I tried for many hours to capture this:

“…[C]onsciousness flowed through and around her and into the darkness. She glimpsed the place dimly before her mind blanked itself away from the terror. Without knowing why, her whole being trembled at what she had seen—a region where a wind blew and sparks glared, where rings of light expanded and contracted, where rows of tumescent white shapes flowed over and under and around the lights, driven by darkness and a wind out of nowhere.”^

I don’t think I got there, and I will try again, but I was really excited when this appeared in the viewfinder, and I sort of knew that this—or one of its fraternal siblings—was the one, even though it didn’t quite make it.

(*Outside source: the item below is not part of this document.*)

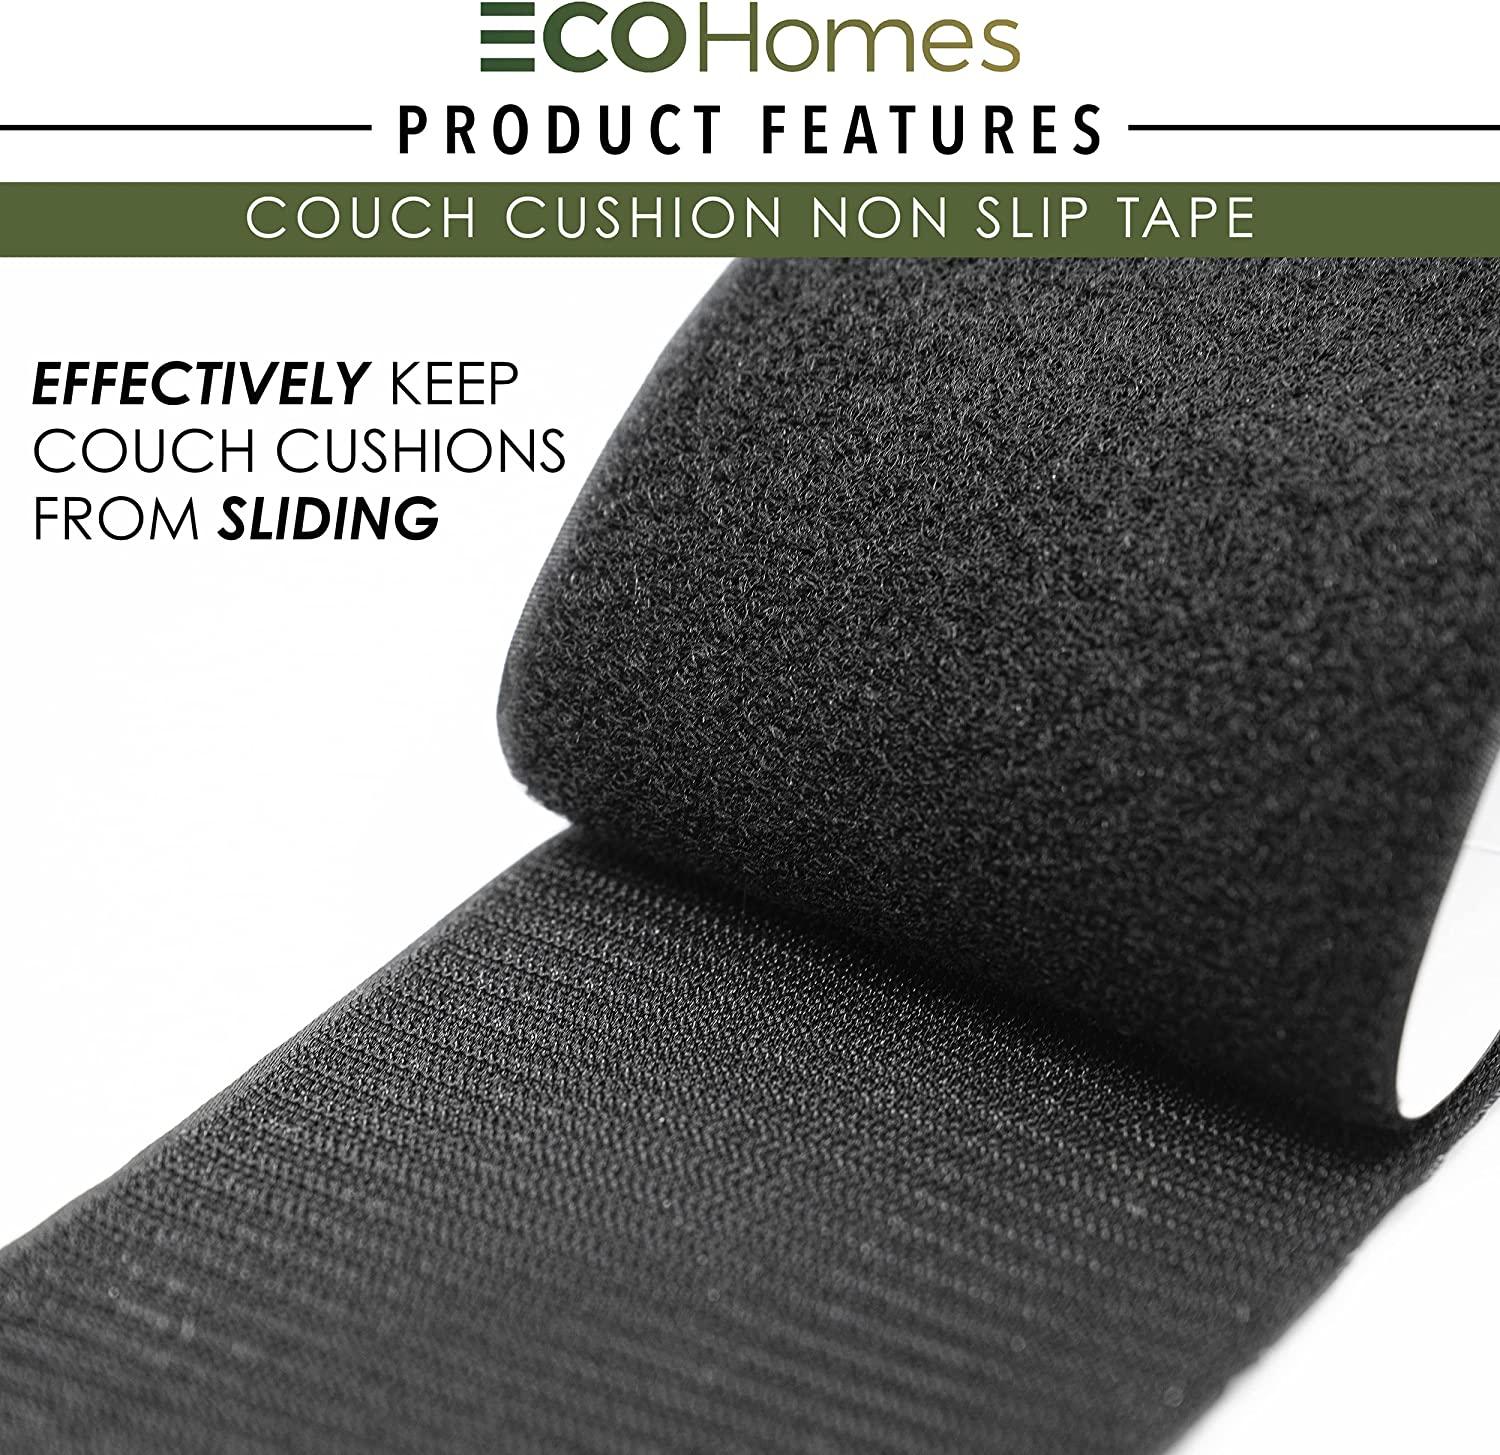 2m Couch Cushion Non Slip Pads to Keep Couch Cushions from Sliding, Hook  Loop Tape, Sticky Cushion Gripper Keep Home Office Use - AliExpress

Similarly, I read the quote a few nights ago, and knew that my current macro subject—the Collier Kaleidoscope—had the potential to reveal the tumescence and flowing and wind out of nowhere, if I could somehow harness my limited skills and make the photograph appear.

Close, but not quite.

D7000. Nikkor 24mm f/2.8 ai, reversed on the Nikon 36-72mm f/3.5 E Series, at 72mm. ISO100, 5 seconds (AP mode), f/2.8 & f/3.5. Rather heavy processing in Aperture, but not particularly overblown, and not as much pixel torturing as I’ve done in the past few days (or as much as I put on the set of pictures that I tried to bend to an HDR version of the quote above, but they didn’t work, and I knew they wouldn’t, but knew this one would).

^Herbert, Frank. Dune. (Radnor, Pennsylvania: Chilton Book Company, 1965; Berkley Medalion Edition, Sixth Printing, 1977), 444.